長年失われていた幻のワケアリ「シム」シリーズ『SimRefinery(シム精製所)』が公開、誰にでも遊べるように

『SimRefinery(シム精製所)』の名を知っているユーザーは少ないことだろう。その存在のみ知られ希少性の高さが語り草となっていた幻の「シム」。ところがそのコピーが今になって発見され、インターネット上で公開されているという。

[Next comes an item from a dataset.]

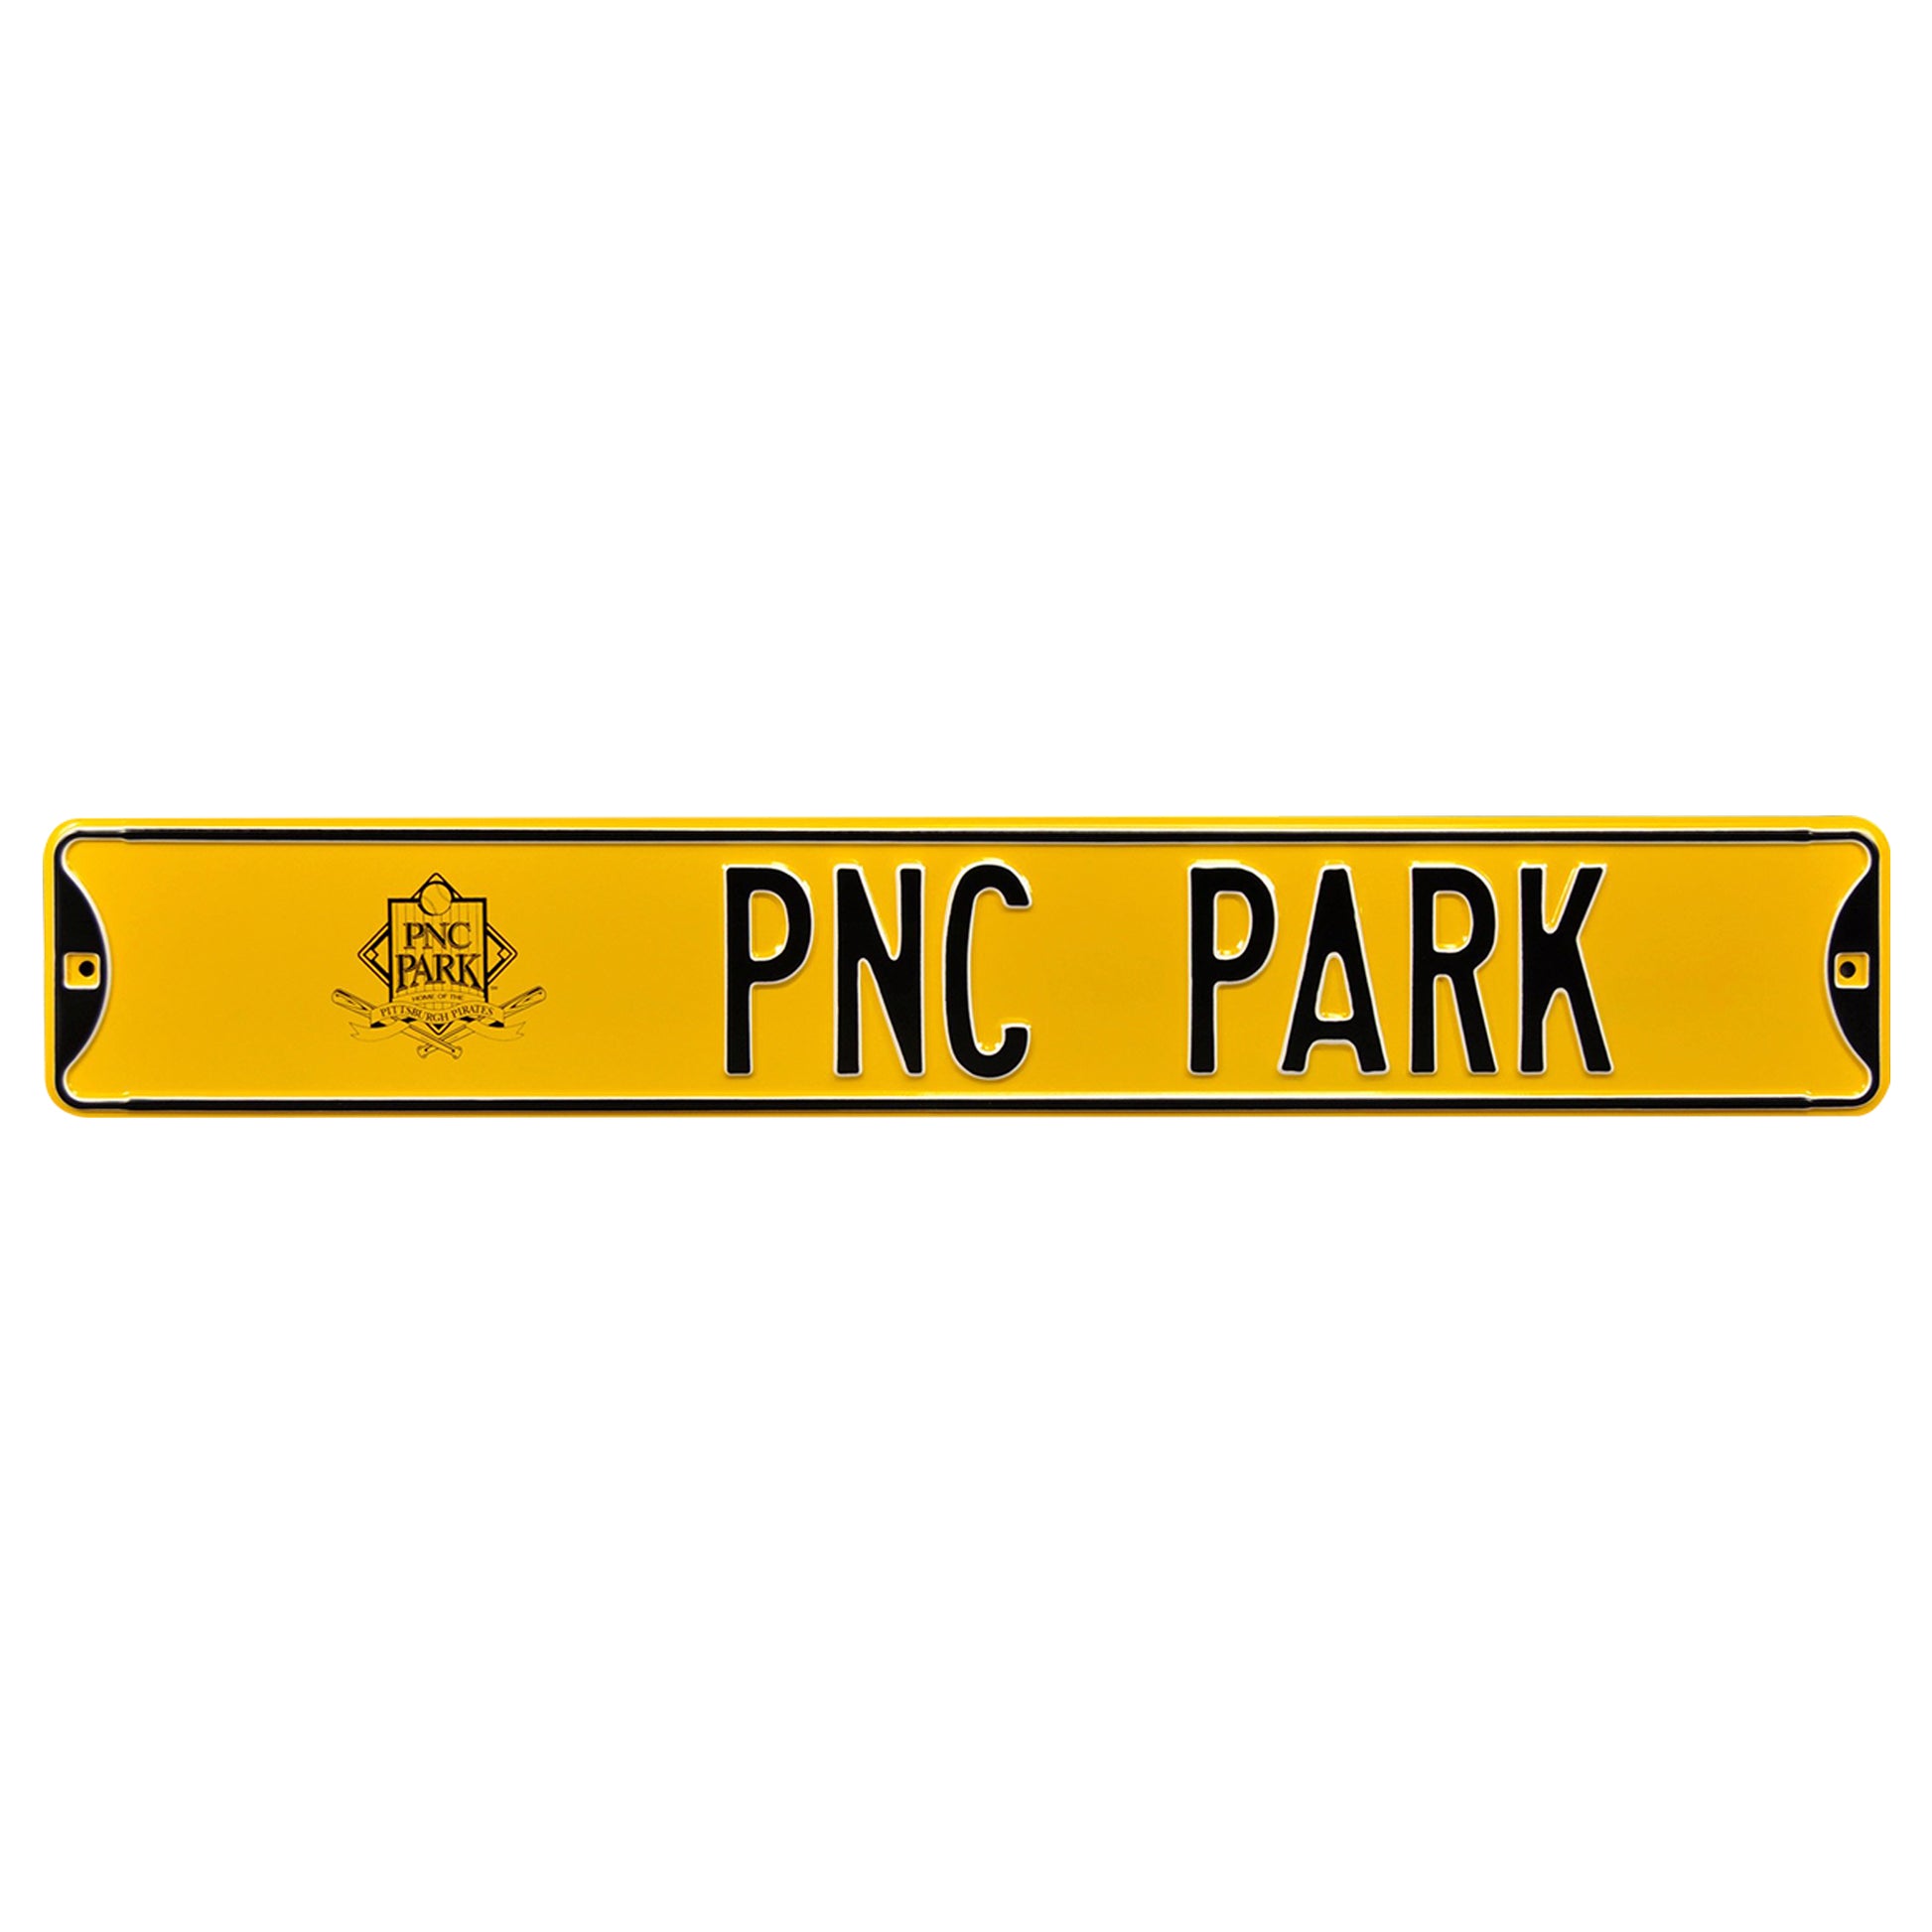 pnc park shop

Maxisといえば、言わずと知れた『シムシティ』『シムズ』といったシミュレーションシリーズを生み出した開発スタジオだ。現在はエレクトロニック・アーツに買収され一部門となっているが、現在でもシリーズにはMaxisのロゴを見ることができる。現在でこそ揺るぎない栄光の記憶とともにその名が語られるスタジオだが、処女作『シムシティ』大ヒット直後のラインナップはかなり混沌とした様相を呈していた。『シムアース』、『シムアント』、『シムファーム』、『シムコプター』等々。とにかく「シム」を冠したタイトルが乱立し、先立っての成功を追いかけようという意欲に満ちていた。そうした中で、シリーズのコアなファンでも『SimRefinery(シム精製所)』の名を知っているマニアは少ないことだろう。なぜならこの作品はある石油精製企業の教育ツールとして開発され、一般には流通しなかったからだ。その存在のみ知られ希少性の高さが語り草となっていた幻の「シム」。ところがそのコピーが今になって発見され、インターネット上で公開されているという。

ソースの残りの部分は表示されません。